Hartmann: We had this idea germinating to establish a rural track residency and we really couldn’t get it off the ground until we had the financial backing of HRSA. That enabled us to hire a consultant, and the consultant was indispensable in terms of putting together the grant application, the ACGME application, and moving forward over the first two years of the grant itself.
Shoemaker: Additionally, with the RRPD grant through HRSA, we have already participated in our first application season, with very positive results. We successfully matched our first two rural track residents from our rank list, and they began their residency training two months ago. As Dineen mentioned, our rural training track residents will spend their intern year in Sacramento then join us in Amador, starting in July 2022. Our community members and faculty are excited for this next phase to begin. We’re also already gearing up for our second interview season quite soon and looking forward to continuing the success we’ve had so far with our rural track program.
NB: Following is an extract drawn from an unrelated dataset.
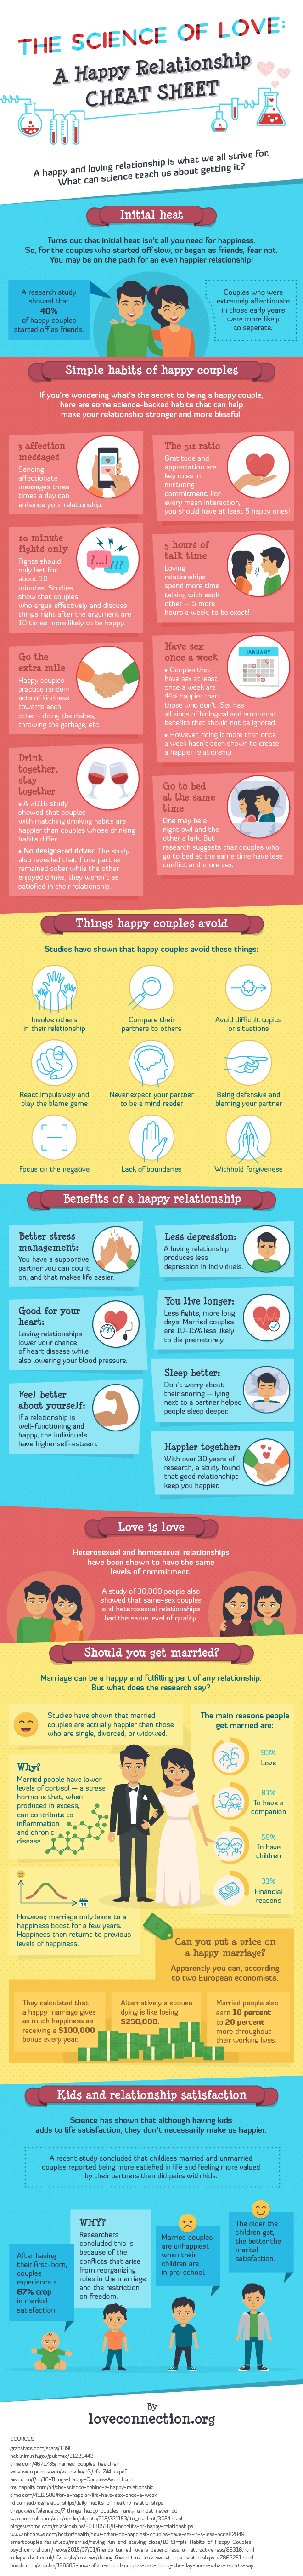 The Science of Love: A Happy Relationship Cheat Sheet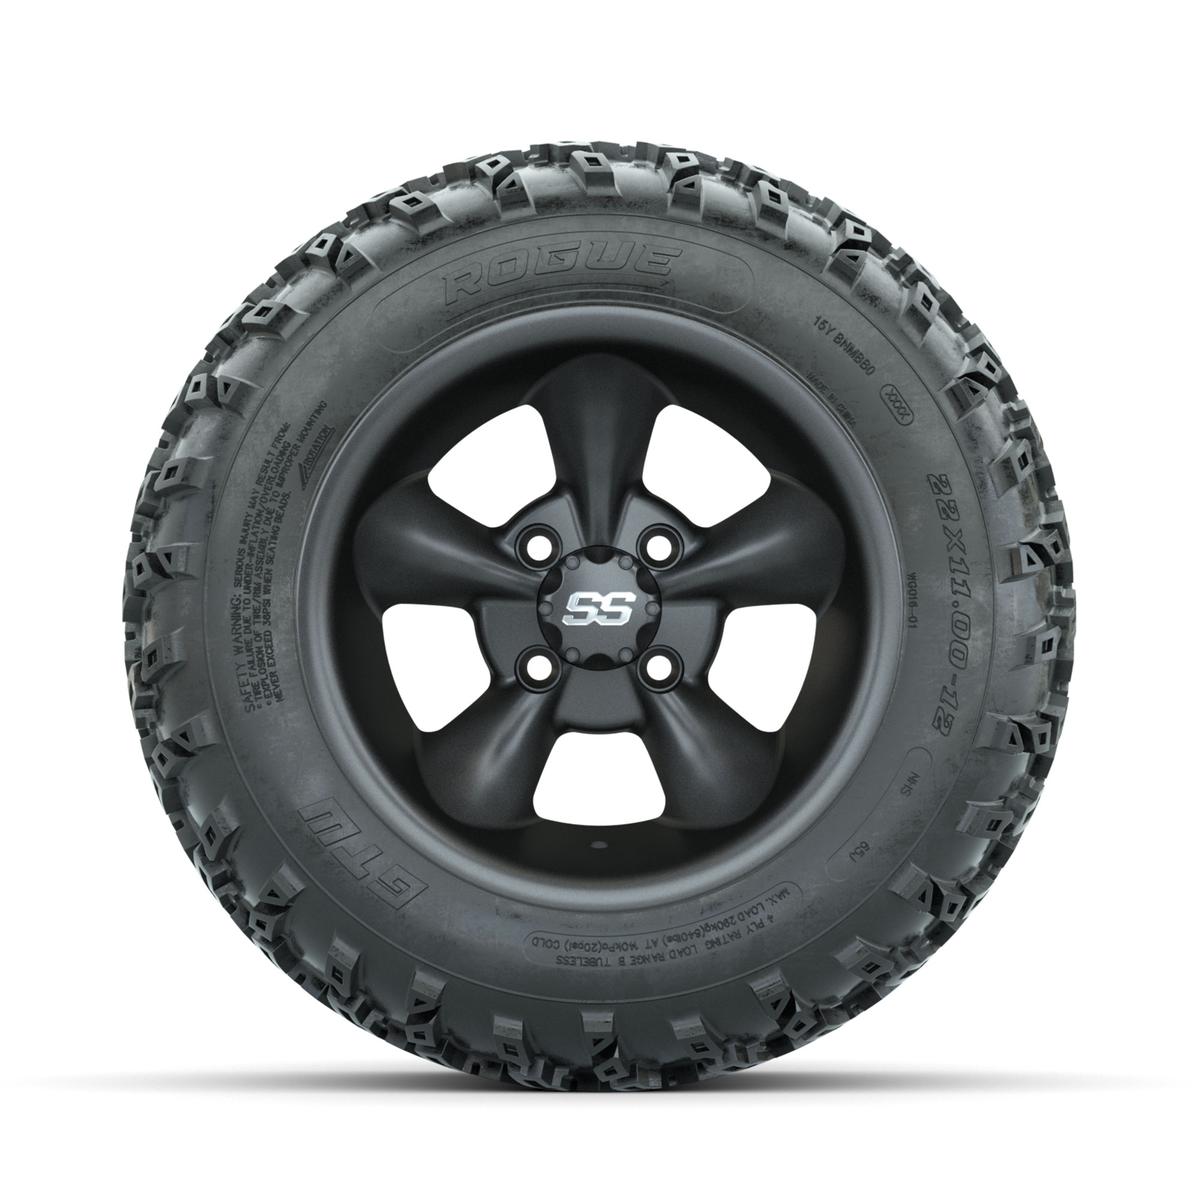 GTW Godfather Matte Grey 12 in Wheels with 22x11.00-12 Rogue All Terrain Tires – Full Set

Greer: I think some of our successes too have really been the partnership that we’ve been able to have and leverage the experience that we have here in Sacramento. The rural training faculty for several months now have been joining our faculty meetings, doing faculty development work with us to really get the program on solid footing. The faculty will be well-prepared and ready for residents from day one, because we’ve been able to establish the foundation of what faculty need to train residents. It will be seamless when they go out to Amador. They’ll already really know the faculty; the faculty will know them and their co-residents.
Hartmann: I think another major impact in the future is going to be that the continuity clinic for the residents will be embedded in the same clinic office that the current family medicine and internal medicine offices are. And the residents will have their own continuity patients. So it’s going to right away increase the availability of primary care providers.